Gesundheit am Arbeitsplatz: Mehr Ergonomie, Sicherheit und Gesundheit in der Logistik

19 Mai 2021

Expertenartikel von Olivier Rochet, CEO von Scallog

Nanterre am 19 Mai 2021

Variable Warenflüsse und schnellere Arbeitsprozesse in den Lagern können Stress bei den Lagerarbeitern verursachen, die oft unter Erkrankungen des Bewegungsapparats leiden. Die Reduzierung von Laufwegen und von repetitiven Bewegungsmuster ist heute ein Muss, um die Gesundheit der MitarbeiterInnen bei der Kommissionierung von Kundenbestellungen zu gewährleisten. Dank der Goods to Man-Robotik ist es jetzt möglich, Ergonomie und Sicherheit mit Produktivität zu vereinen.

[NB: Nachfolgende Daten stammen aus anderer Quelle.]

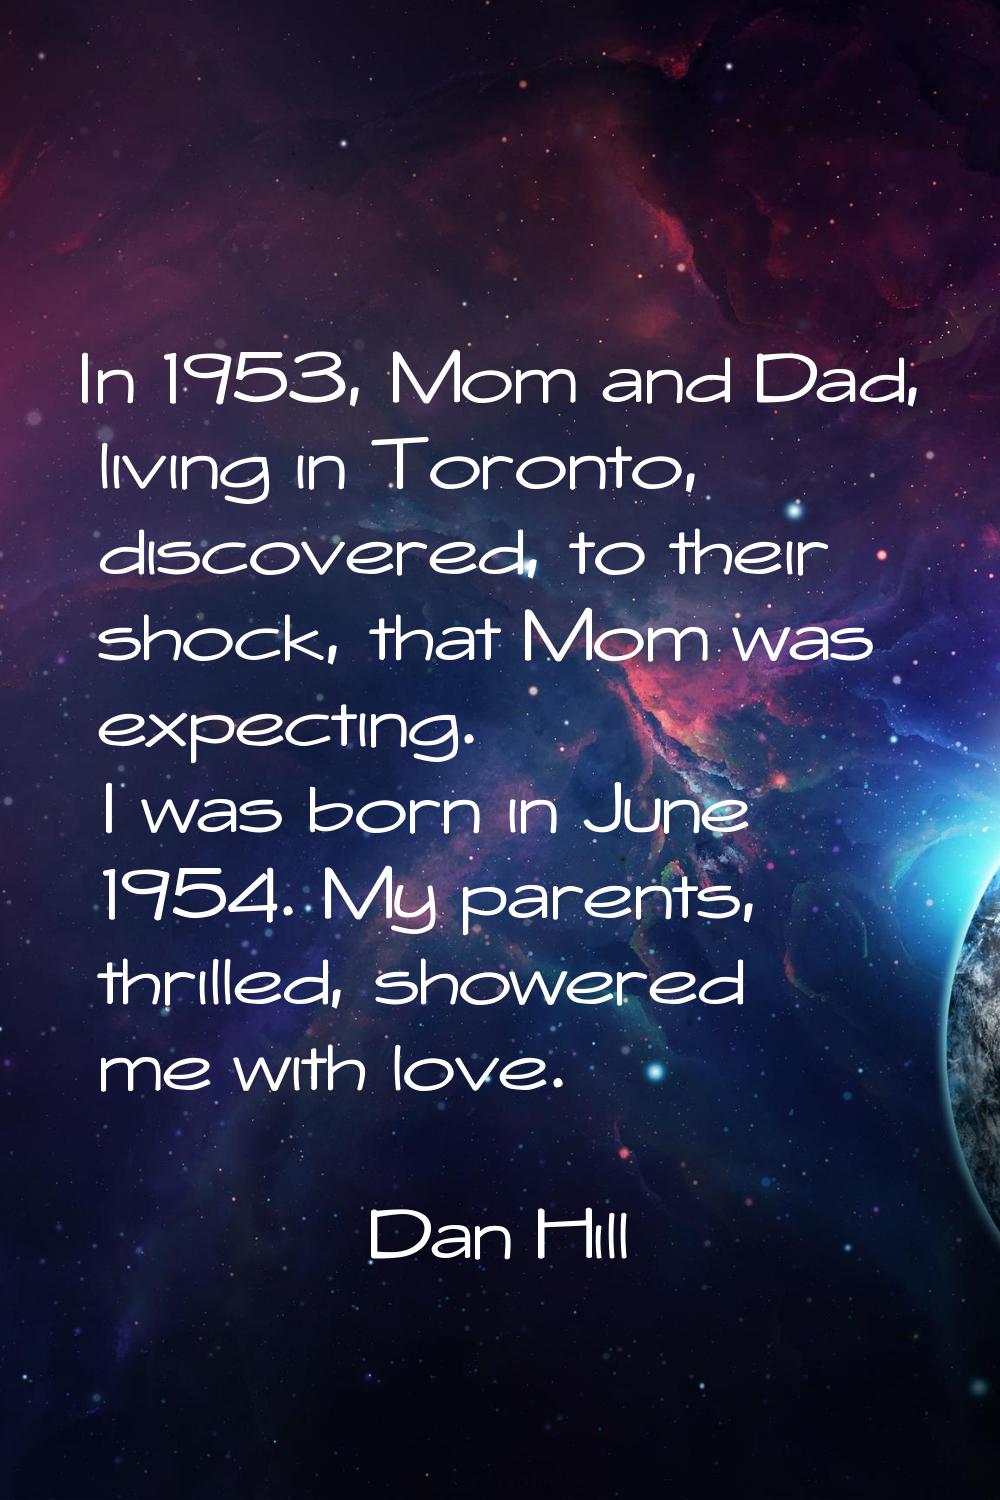 In 1953, Mom and Dad, living in Toronto, discovered, to their shock, that Mom was expecting. I was

Heutzutage ist die Logistikbranche mit dem E-Commerce-Boom und der Verallgemeinerung  des Multichannel-Systems konfrontiert. Gleichzeitig müssen die neuen Erwartungen der Konsumenten, Gewerbetreibenden und Einzelpersonen erfüllt werden. In den immer funktionelleren Lagern, die zunehmend ein XXL-Format aufweisen, äußert sich diese Situation in der Unvorhersehbarkeit von Aktivitätsspitzen, und einem beispiellosen Anstieg der Einzelkommissionierungen. Hierbei handelt es sich um zeitaufwändige Vorgänge, die zahlreiche Ressourcen, viele Warenbewegungen und lange Laufzeiten erfordern. 

Um diese Warenflüsse optimal zu organisieren und die Nachfrage zu bedienen, müssen die Logistikspezialisten – über die Ressourcenverwaltung als Anpassungsvariable hinaus – an Effizienz und Produktivität gewinnen. Die Automatisierung – insbesondere die Goods to Man-Robotik – ist einer der Schlüsselfaktoren beim Wettlauf um Produktivität in der Logistik. Dabei dürfen aber keinerlei Kompromisse bei Sicherheit und Wohlbefinden der Lagerarbeiter eingegangen werden. In der Tat führen bessere Arbeitsbedingungen im Lager ohne repetitive Bewegungsmuster und ohne lange Laufzeiten zu einer verringerten Personalfluktuation, weniger Fehlzeiten und sogar einer Produktivitätssteigerung!

 

Goods to Person-Robotik: Weniger körperliche Belastung für die Lagerfachkräfte

Sich wiederholende Bewegungsmuster, kilometerlange Laufwege und die Handhabung schwerer Lasten können bei den Lagermitarbeitern Müdigkeit, Leistungsabfall und Erkrankungen des Bewegungsapparats (die häufigste Ursache von Berufskrankheiten in Frankreich) hervorrufen. Die Vermeidung und Reduzierung dieser Leiden ist eine menschliche und wirtschaftliche Notwendigkeit, um eine bessere Logistikleistung zu gewährleisten. 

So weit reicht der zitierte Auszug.